Think of a class as the blueprint of a house, with all the details about floors, doors, and windows. The house you build from it is the object. One blueprint, many houses, so one class, many objects.
The main ideas
- Class: the blueprint.
- Object: a thing built from the blueprint.
- Encapsulation: keeping data and its methods together.
- Inheritance: a class building on another.
- Polymorphism: the same call behaving correctly for different types.

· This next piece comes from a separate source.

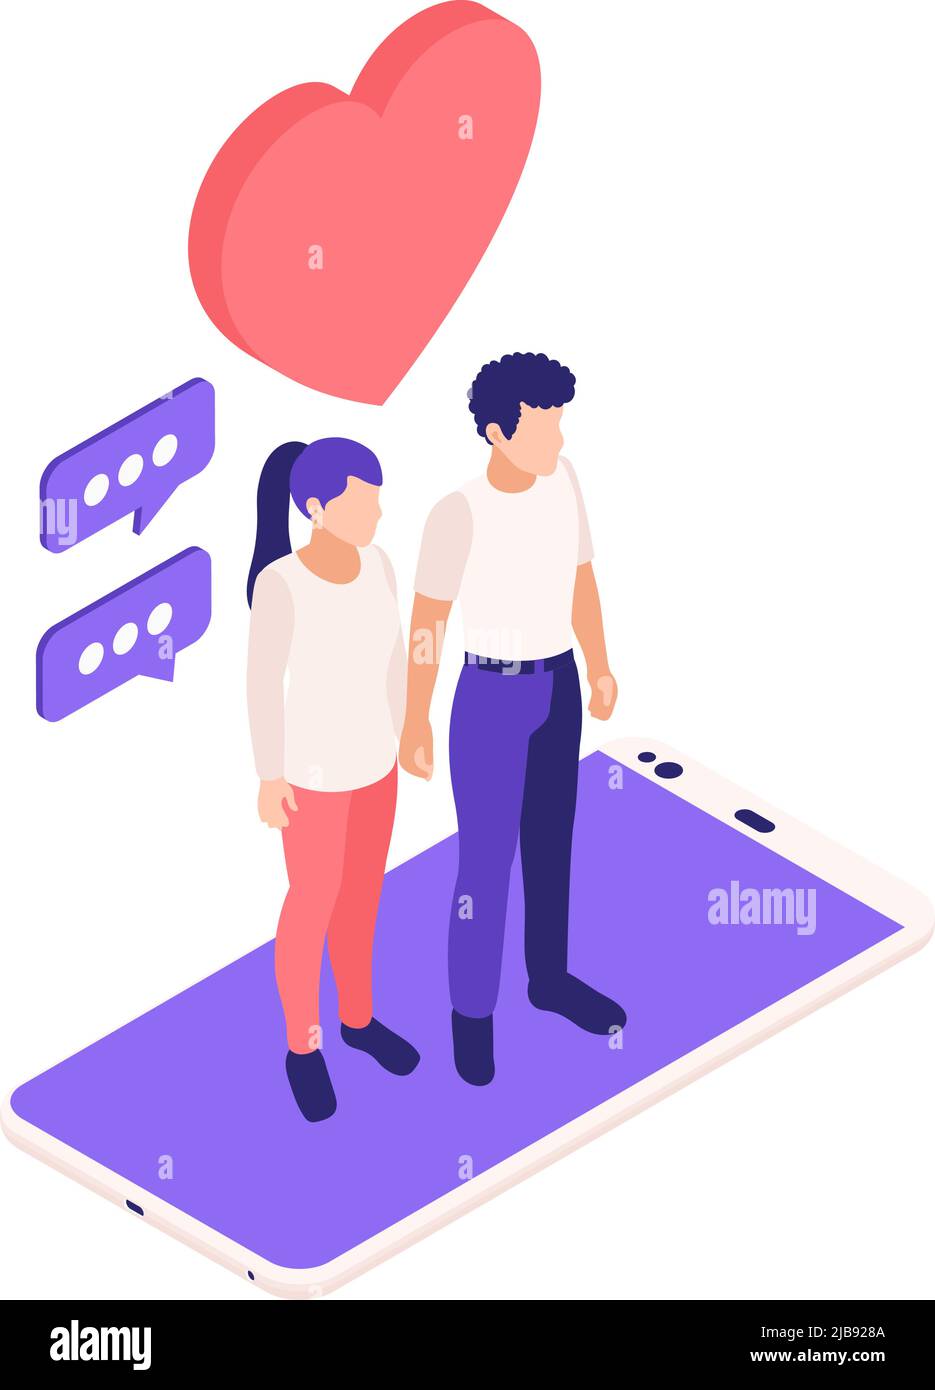 Virtuelle Beziehungen online Dating isometrische Zusammensetzung mit jungen Paar auf der Oberseite des Smartphone-Vektor-Illustration stehen Stock Vektor

This week we cover the first three; inheritance and polymorphism come next.
Classes
A class is created with the class keyword. Its variables are called
attributes and its functions are called methods.
class Parrot:
pass # an empty classA parrot object might have name, age, and colour as attributes, and
sing and dance as behaviour.
Objects
An object is an instance of a class. Defining the class only describes the shape; no storage is used until you create an object from it.
class Dog:
attr1 = "mammal" # class attributes
attr2 = "dog"
def fun(self):
print("I'm a", self.attr2)
print("I'm a", self.attr1)
rodger = Dog() # instantiate an object
rodger.fun() # call a method through the objectThe self parameter
self is the first parameter of every method and refers to the particular
object the method was called on. You do not pass it yourself; Python supplies
it. It is how a method reaches its own object's attributes. It plays the same
role as this in C++ or Java.
class Check:
def __init__(self):
print("Address of self =", id(self))
obj = Check()
print("Address of object =", id(obj)) # the same addressself is a convention, not a keyword, but always name it self so others can
read your code.
Constructors: the __init__ method
__init__ runs automatically the moment an object is created. It is where you
initialise the object's state, the same idea as a constructor in C++ or Java.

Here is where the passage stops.